Exercise:
Among the entries below, one line contains "Logo și aderare" and another contains "Facts about decriminalisation". Transcribe those two lines and every line between them, exactly.

Exercise inputs:
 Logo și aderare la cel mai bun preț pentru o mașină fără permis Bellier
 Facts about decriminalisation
...
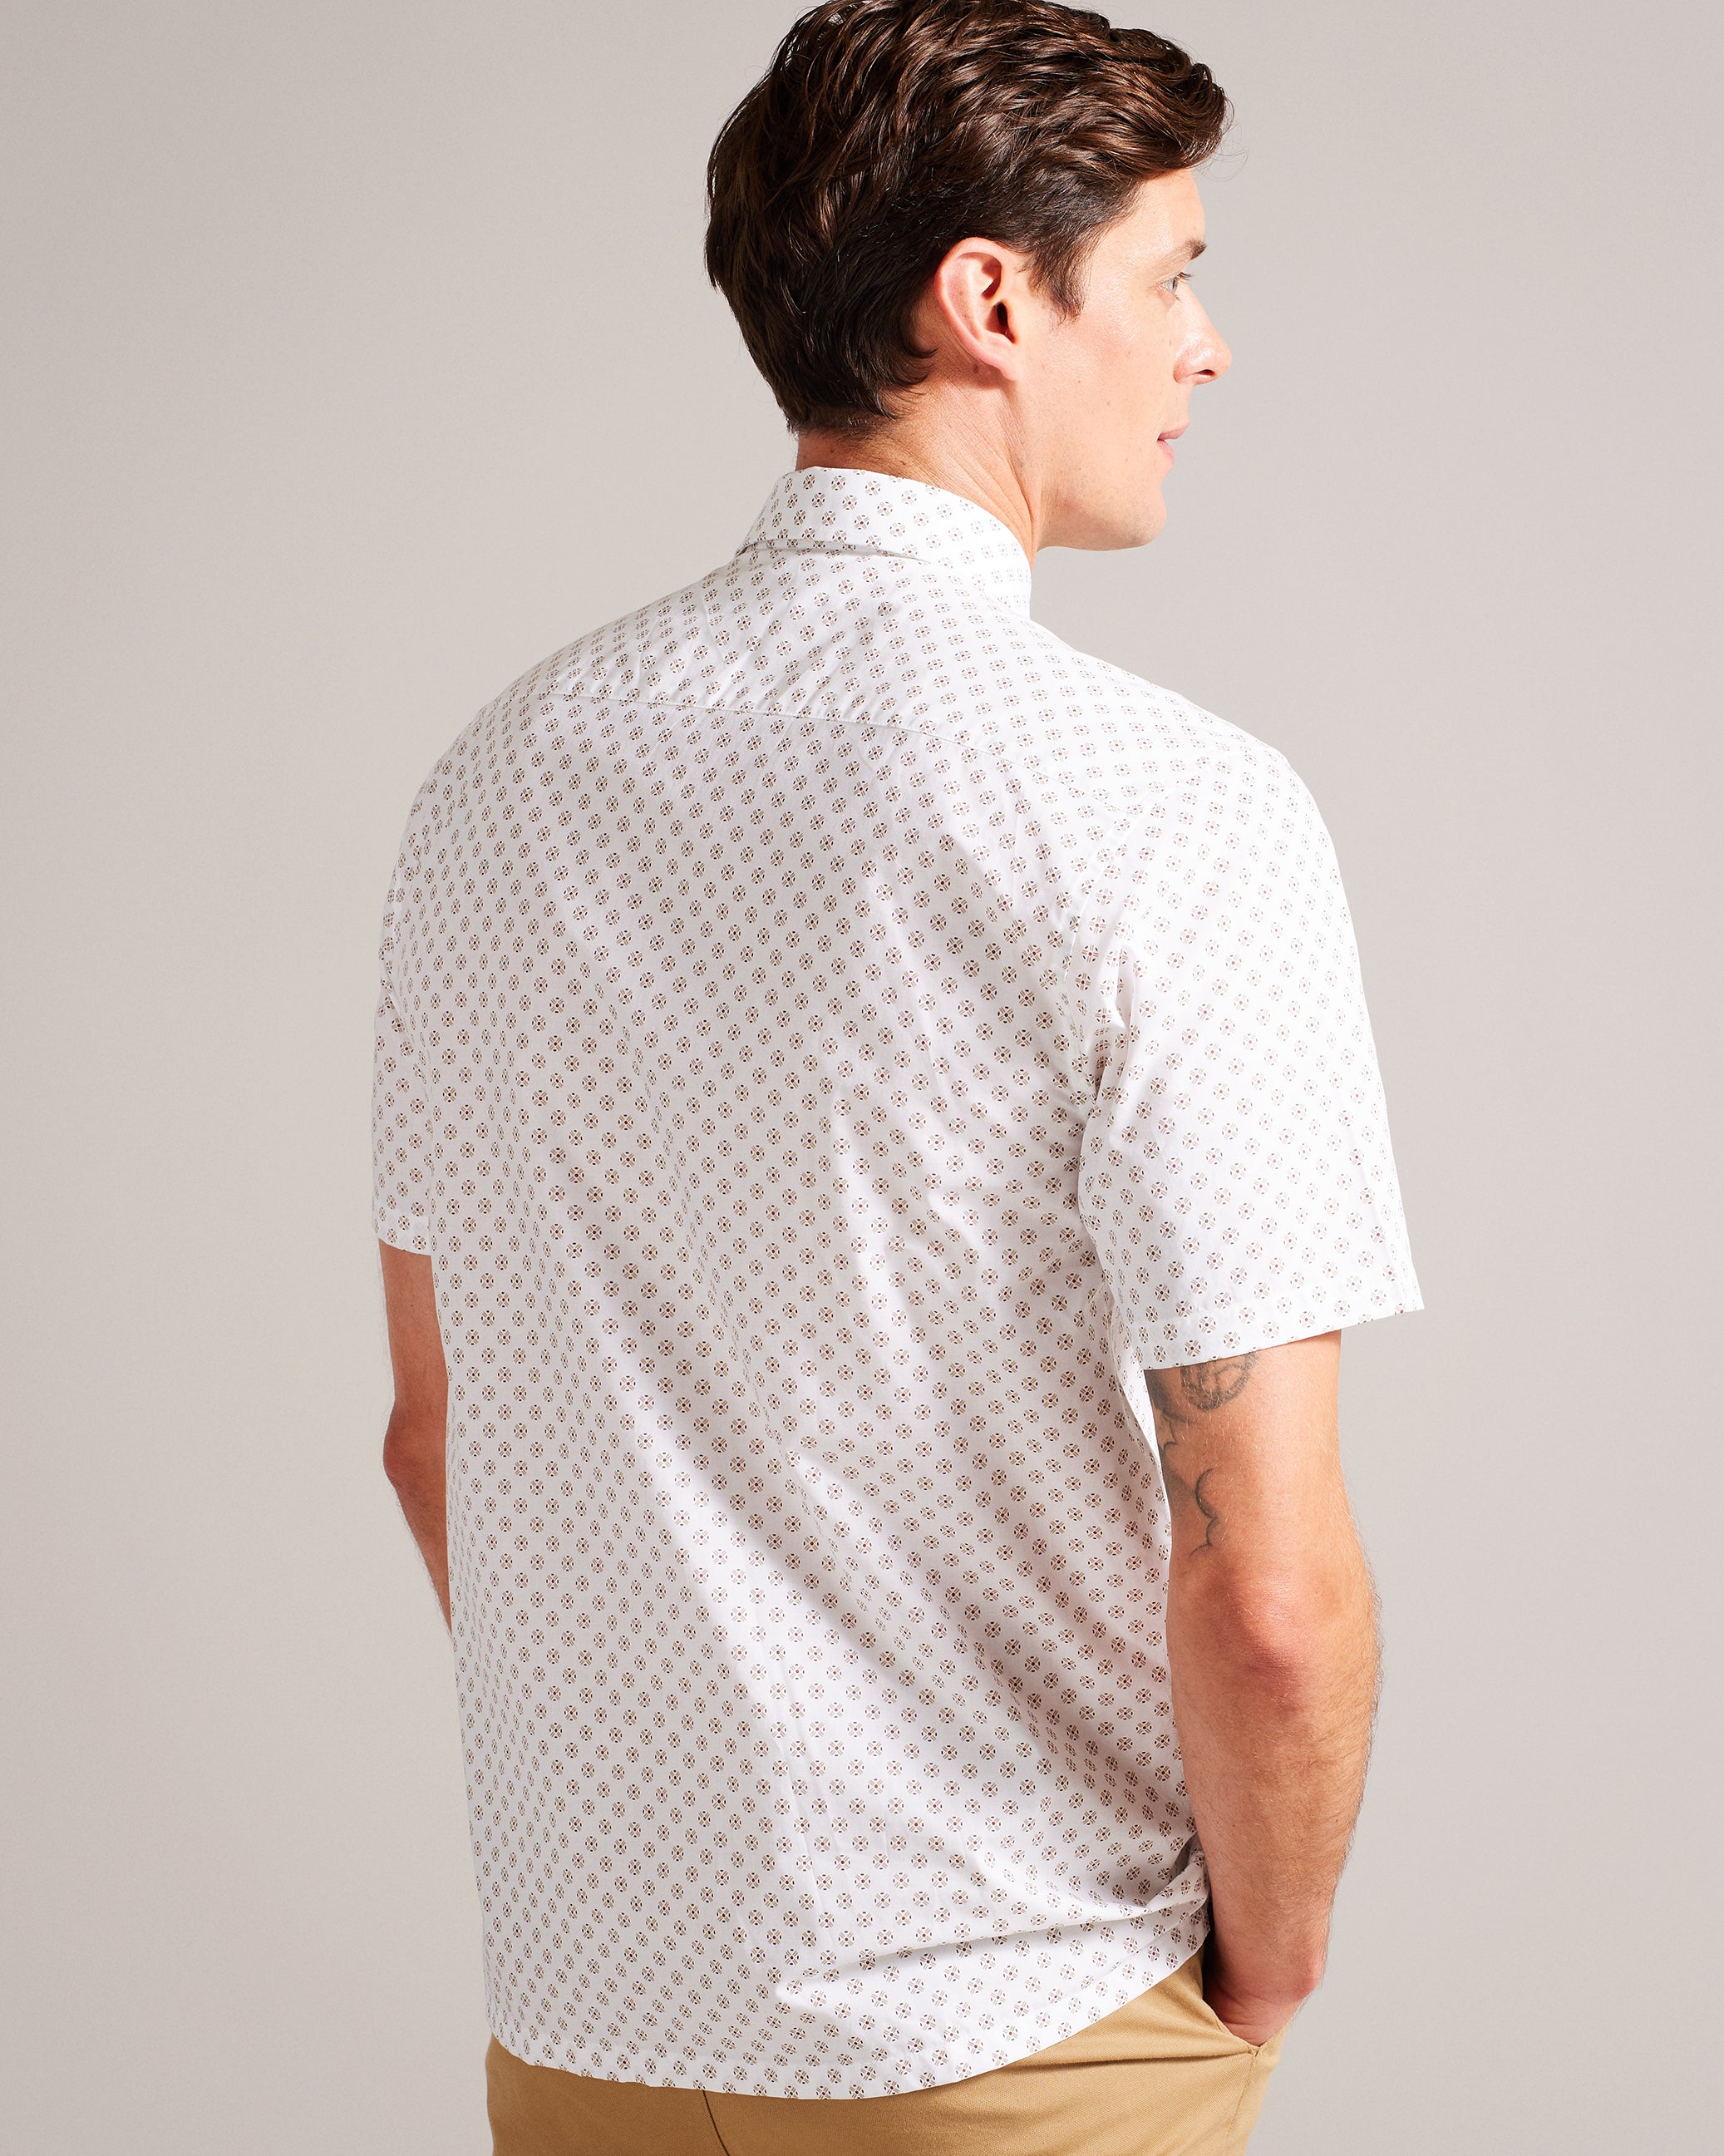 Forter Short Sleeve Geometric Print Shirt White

Response to the exercise:
 Logo și aderare la cel mai bun preț pentru o mașină fără permis Bellier
 Facts about decriminalisation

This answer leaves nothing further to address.